In short, a landmark legal decision. One can hope.

Reporting From the Web’s Underbelly

Nicole Perlroth, New York Times:

In the last year, Eastern European cybercriminals have stolen Brian Krebs’s identity a half dozen times, brought down his website, included his name and some unpleasant epithets in their malware code, sent fecal matter and heroin to his doorstep, and called a SWAT team to his home just as his mother was arriving for dinner.

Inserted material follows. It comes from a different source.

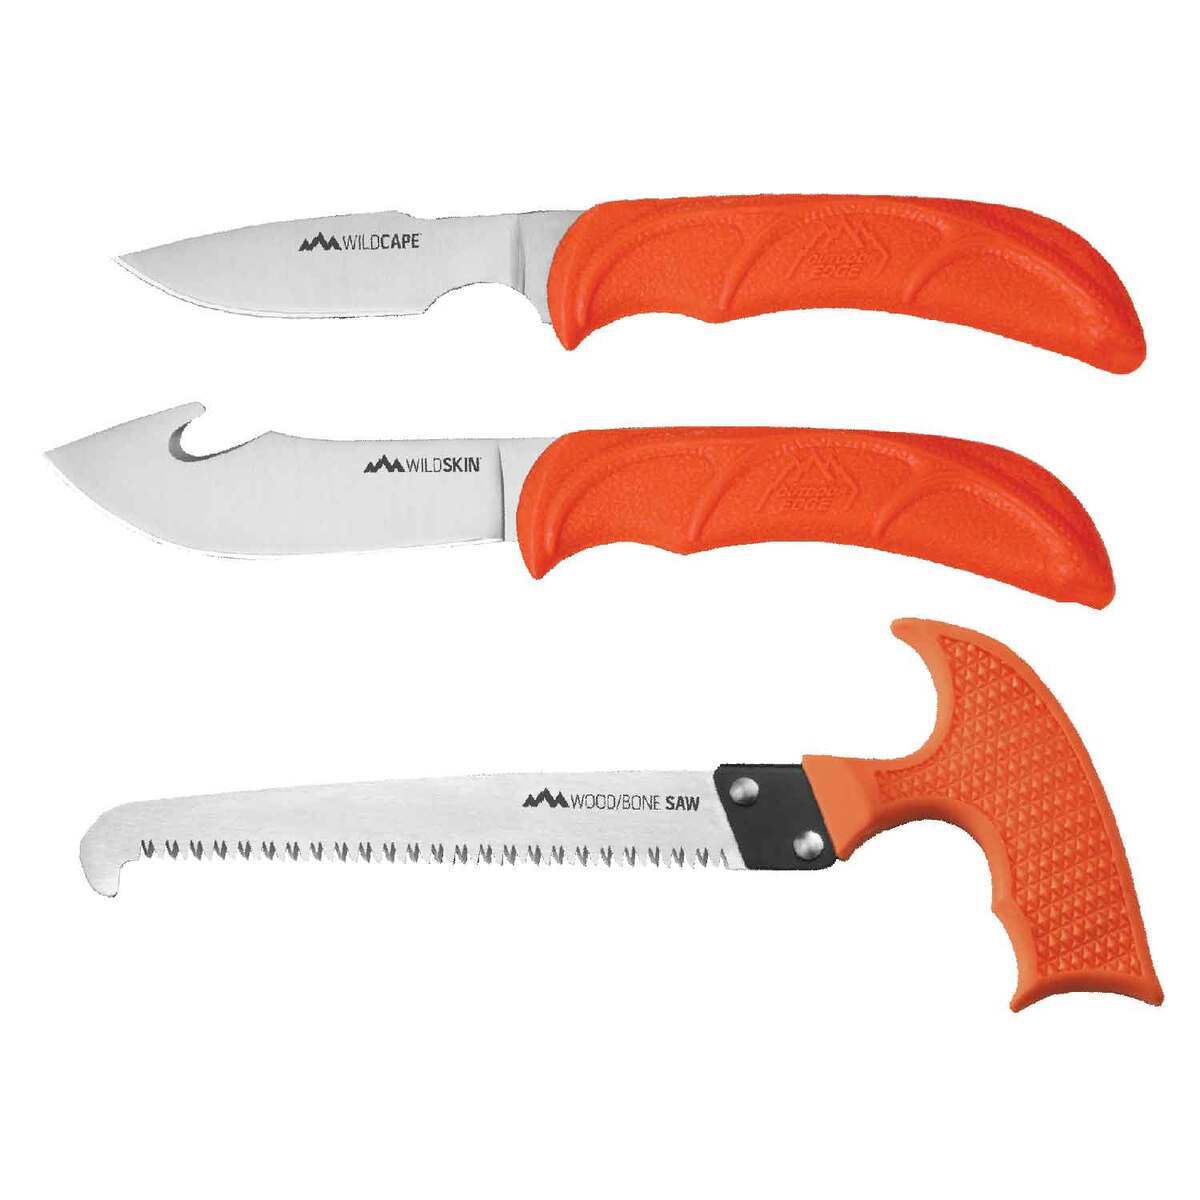 https://www.knives.com/medias/outdoor-edge-wildguide-knife-set-1530950-1.jpg?context=bWFzdGVyfGltYWdlc3w1MzAzNXxpbWFnZS9qcGVnfGhlZC9oYzYvMTA4MTQxOTkyNjczNTgvMTUzMDk1MC0xX2Jhc2UtY29udmVyc2lvbkZvcm1hdF8xMjAwLWNvbnZlcnNpb25Gb3JtYXR8YjZjY2IwNTc1NjU3ZDRjNTVjMjBhYTJjNDgwMTY1N2RkN2FkYjAxMjI0YTkyYzY1MDEzZDMxNjA2NzM1ODU4MA

“I can’t imagine what my neighbors think of me,” he said dryly.

Along with Bruce Schneier and possibly Quinn Norton, Krebs is probably the best information security reporter around. While this profile isn’t outstandingly thorough — it’s in a general-audience newspaper, after all — it’s an interesting look at this underworld from Krebs’ perspective.

Office for iPad: It’s Alive

Mary Jo Foley, of ZDNet:

Office for iPad — which I’ve recently heard is codenamed “Miramar” — isn’t dead. In fact, it’s likely to make it to market ahead of Microsoft’s touch-first version of Office (codenamed “Gemini”) according to a couple of my sources.

Given iOS’ significant lead in enterprise, it’s about time Microsoft got a foothold in the office of the future. Then again, iOS and Android have both dominated that space without Office. I’d love to see the figures for Surfaces in enterprise for comparison, but it doesn’t appear that users are begging for PowerPoint.